__EXERCISE DATA__.
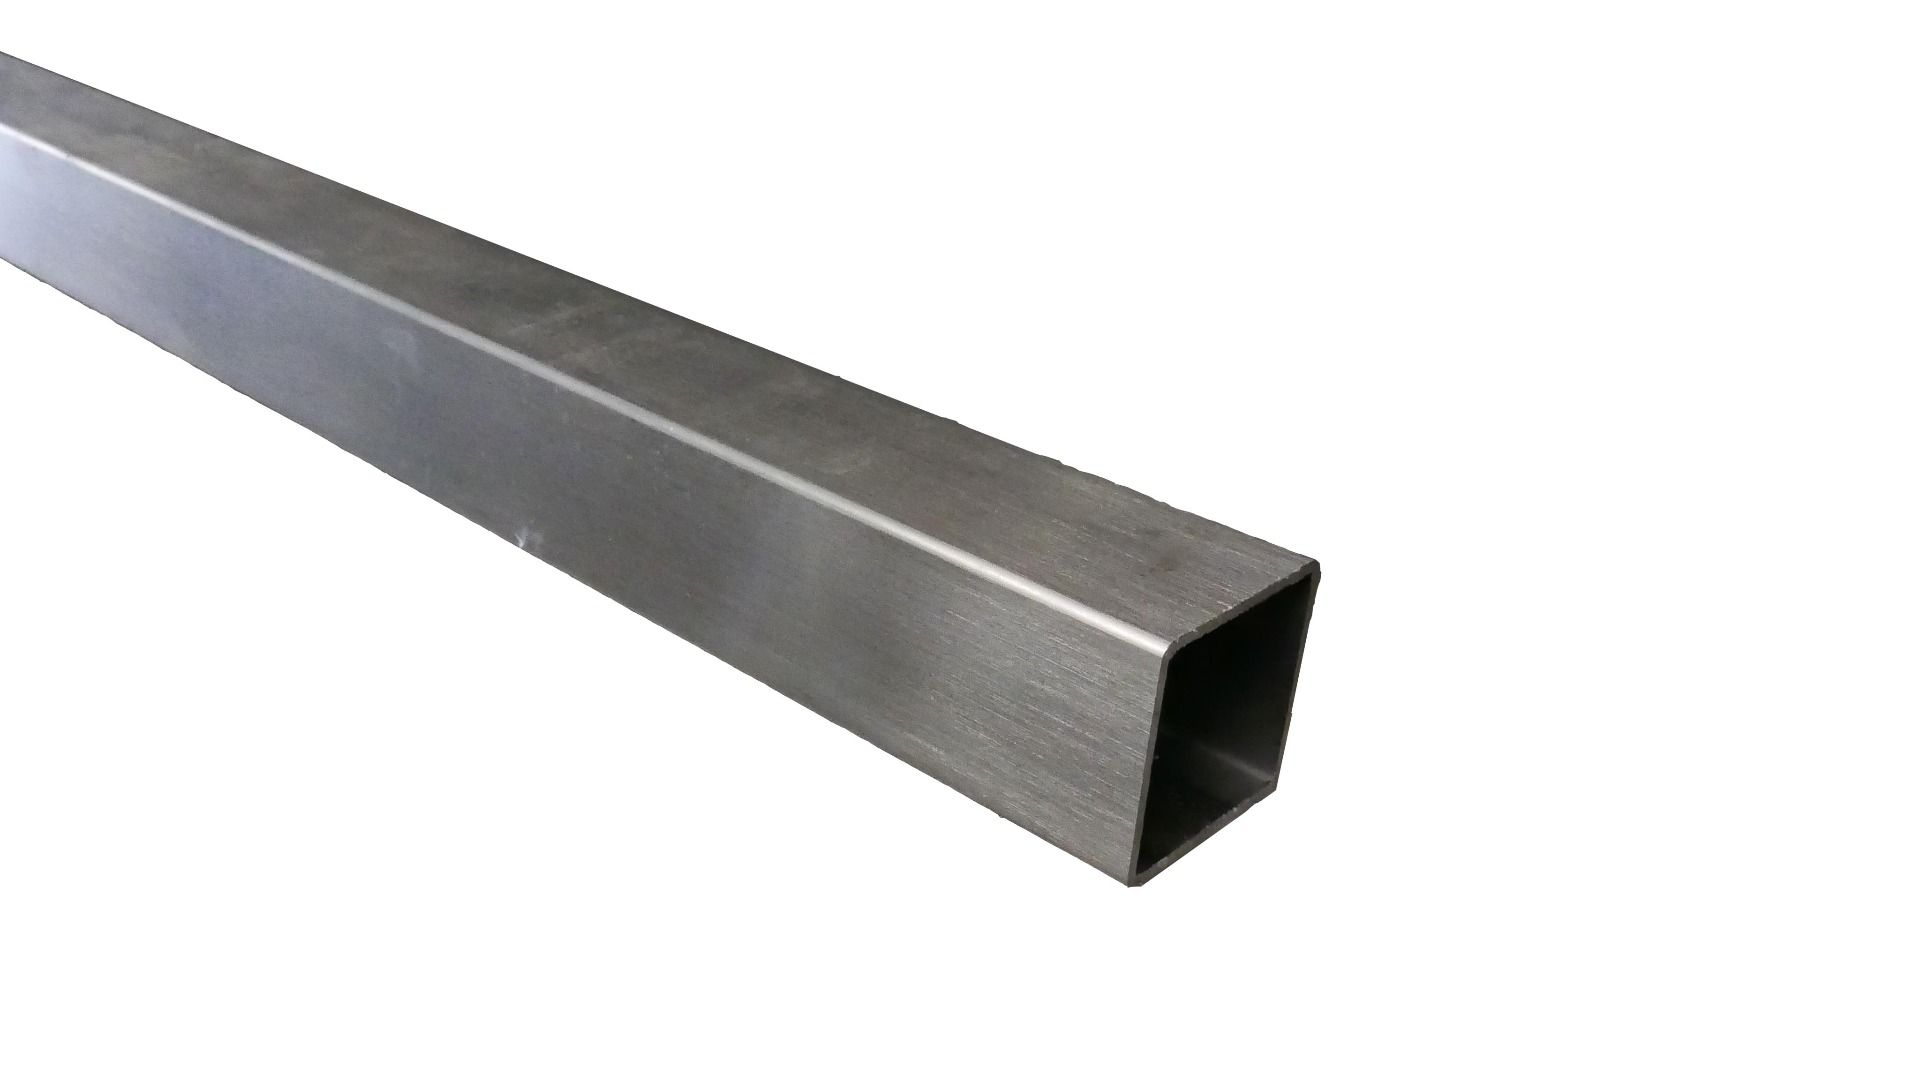 Aluminium Square Tube Box Section sizes 1" 2" 3" Cut to any length and quantity
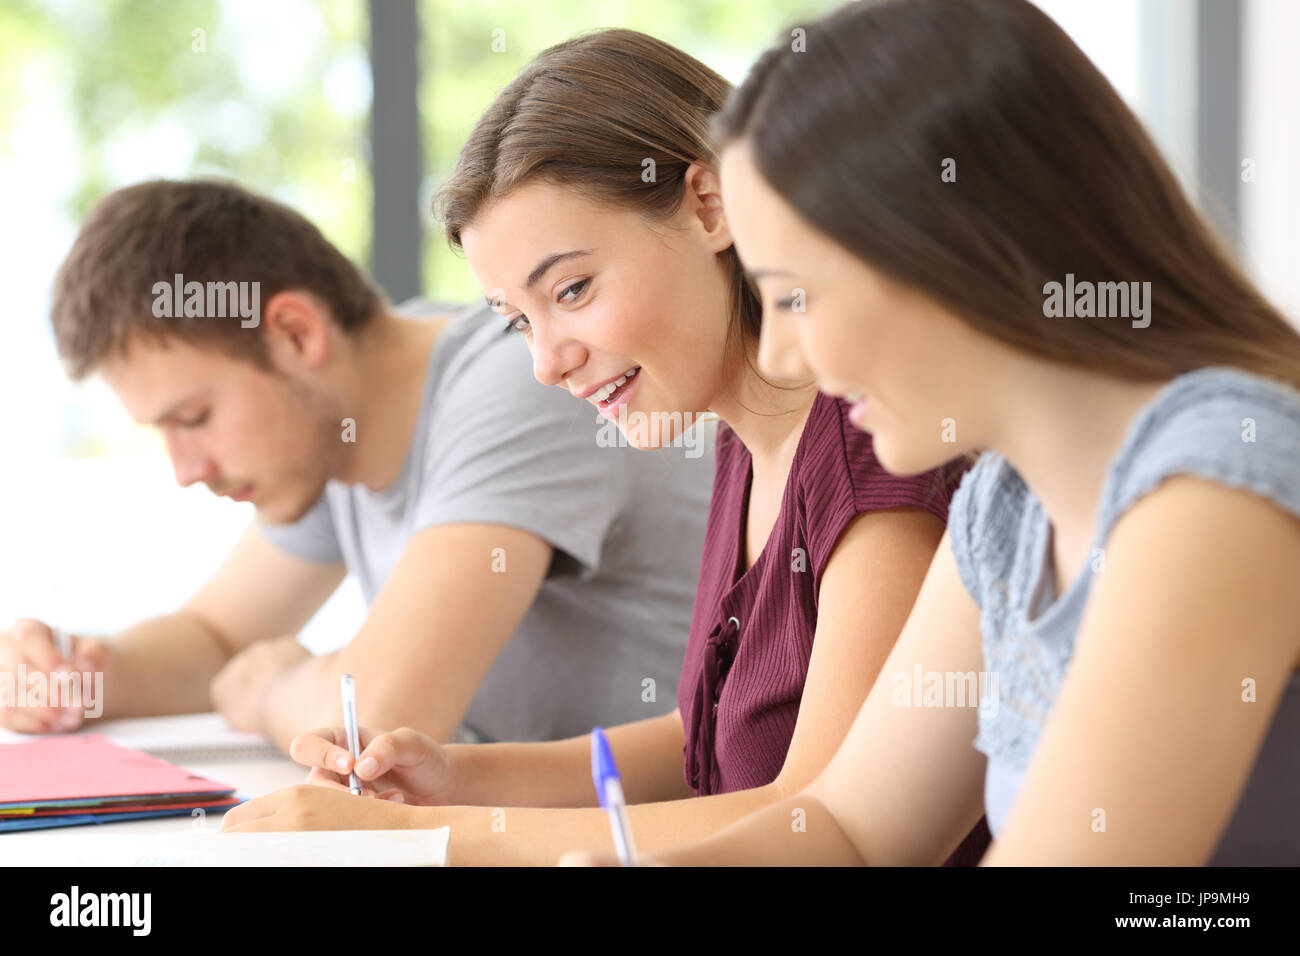 Two classmates talking during a class in a classroom Stock Photo
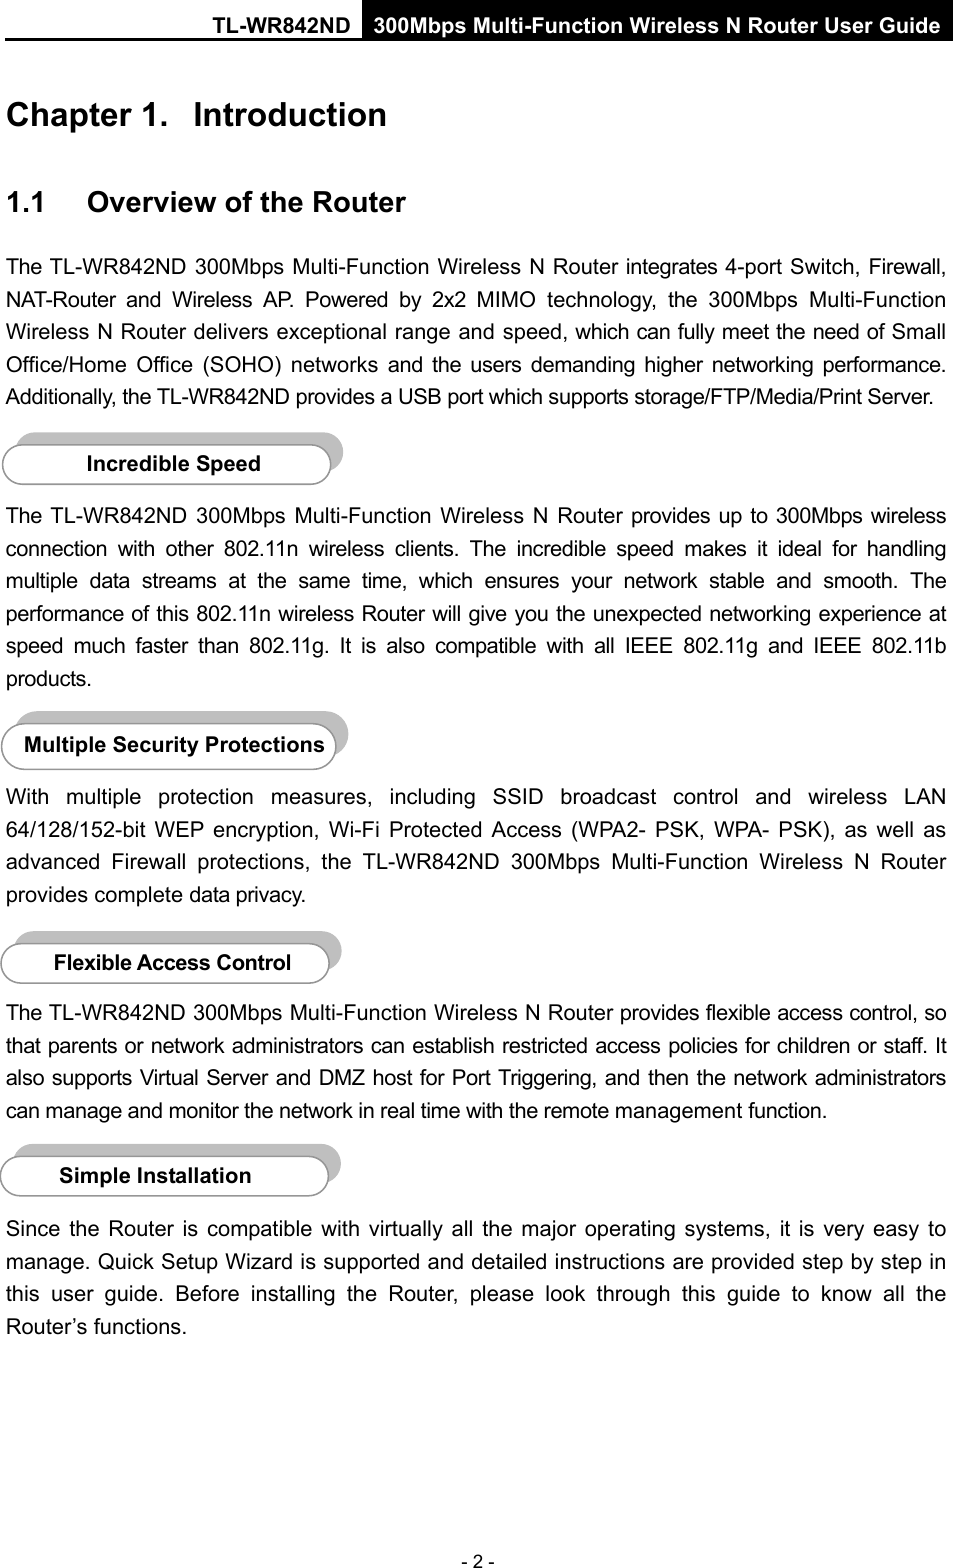 TL-WR842ND 300Mbps Multi-Function Wireless N Router User Guide  - 2 - Chapter 1.  Introduction 1.1 Overview of the Router The TL-WR842ND 300Mbps Multi-Function Wireless N Router integrates 4-port Switch, Firewall, NAT-Router and Wireless AP. Powered by  2x2  MIMO technology,  the 300Mbps Multi-Function Wireless N Router delivers exceptional range and speed, which can fully meet the need of Small Office/Home Office (SOHO) networks and the users demanding higher networking performance. Additionally, the TL-WR842ND provides a USB port which supports storage/FTP/Media/Print Server.  The TL-WR842ND 300Mbps Multi-Function Wireless N Router provides up to 300Mbps wireless connection with other 802.11n wireless clients. The incredible speed makes it ideal for handling multiple data streams at the same time, which ensures your network stable and smooth. The performance of this 802.11n wireless Router will give you the unexpected networking experience at speed much faster than 802.11g.  It is also  compatible with all IEEE 802.11g and IEEE 802.11b products.  With multiple protection measures, including SSID broadcast control and wireless LAN 64/128/152-bit WEP encryption,  Wi-Fi  Protected Access (WPA2-  PSK, WPA-  PSK), as well as advanced Firewall protections, the TL-WR842ND 300Mbps Multi-Function Wireless N Router provides complete data privacy.    The TL-WR842ND 300Mbps Multi-Function Wireless N Router provides flexible access control, so that parents or network administrators can establish restricted access policies for children or staff. It also supports Virtual Server and DMZ host for Port Triggering, and then the network administrators can manage and monitor the network in real time with the remote management function.    Since the Router is compatible with virtually all the major operating systems, it is  very  easy to manage. Quick Setup Wizard is supported and detailed instructions are provided step by step in this user guide. Before installing the Router, please look through this guide to know all the Router’s functions.   Simple Installation Flexible Access Control  Multiple Security Protections Incredible Speed  
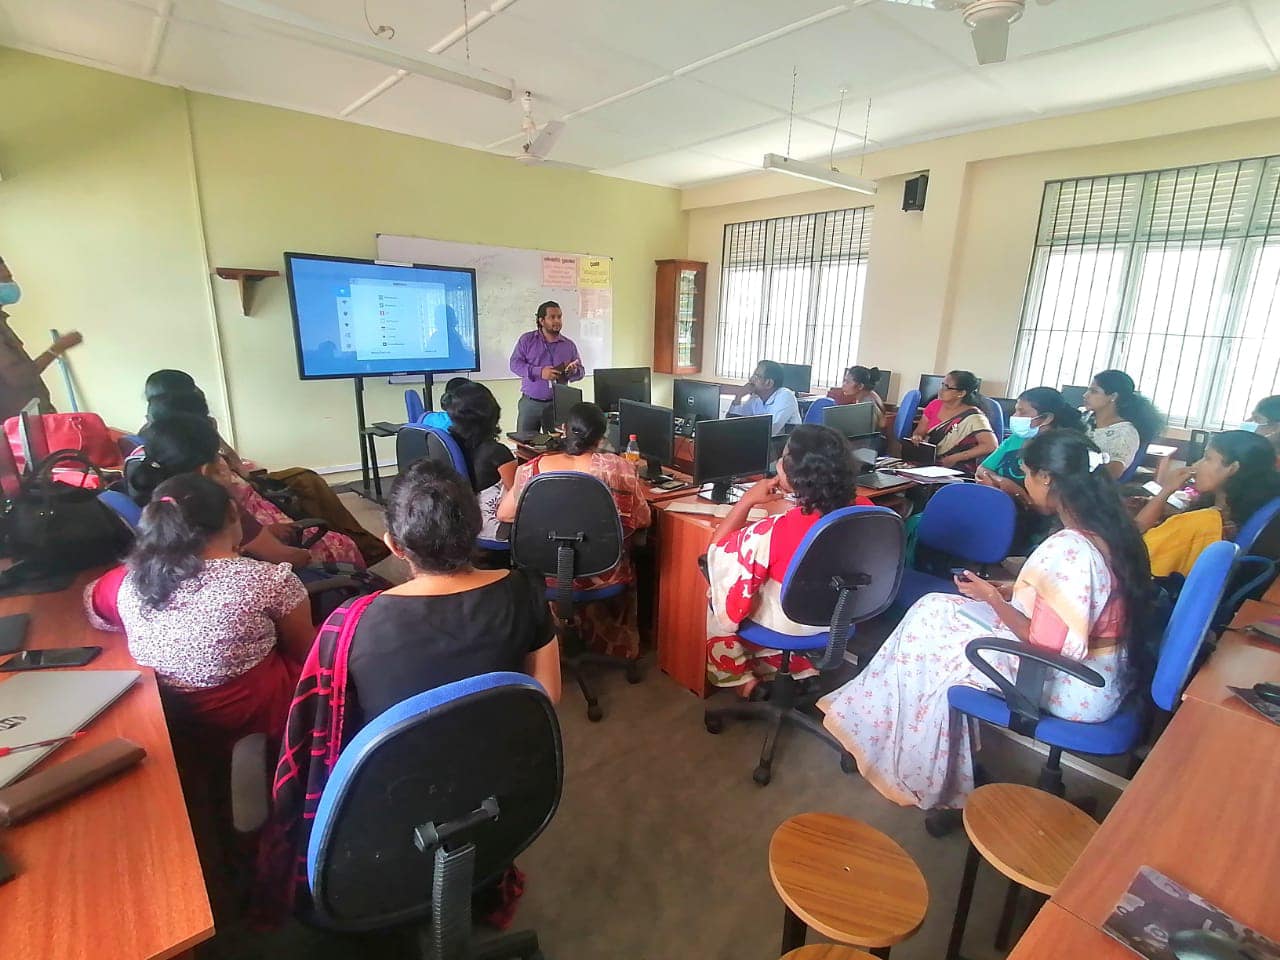 Smart classroom concepts and applications” මිනුවන්ගොඩ.

__WHAT TO DO__. Would you please reproduce verbatim the run of lines that opens the listing and ends with the line holding "Two classmates talking", and only that run, leaving every picture out?

__RESULT BELOW__.
 Aluminium Square Tube Box Section sizes 1" 2" 3" Cut to any length and quantity
 Two classmates talking during a class in a classroom Stock Photo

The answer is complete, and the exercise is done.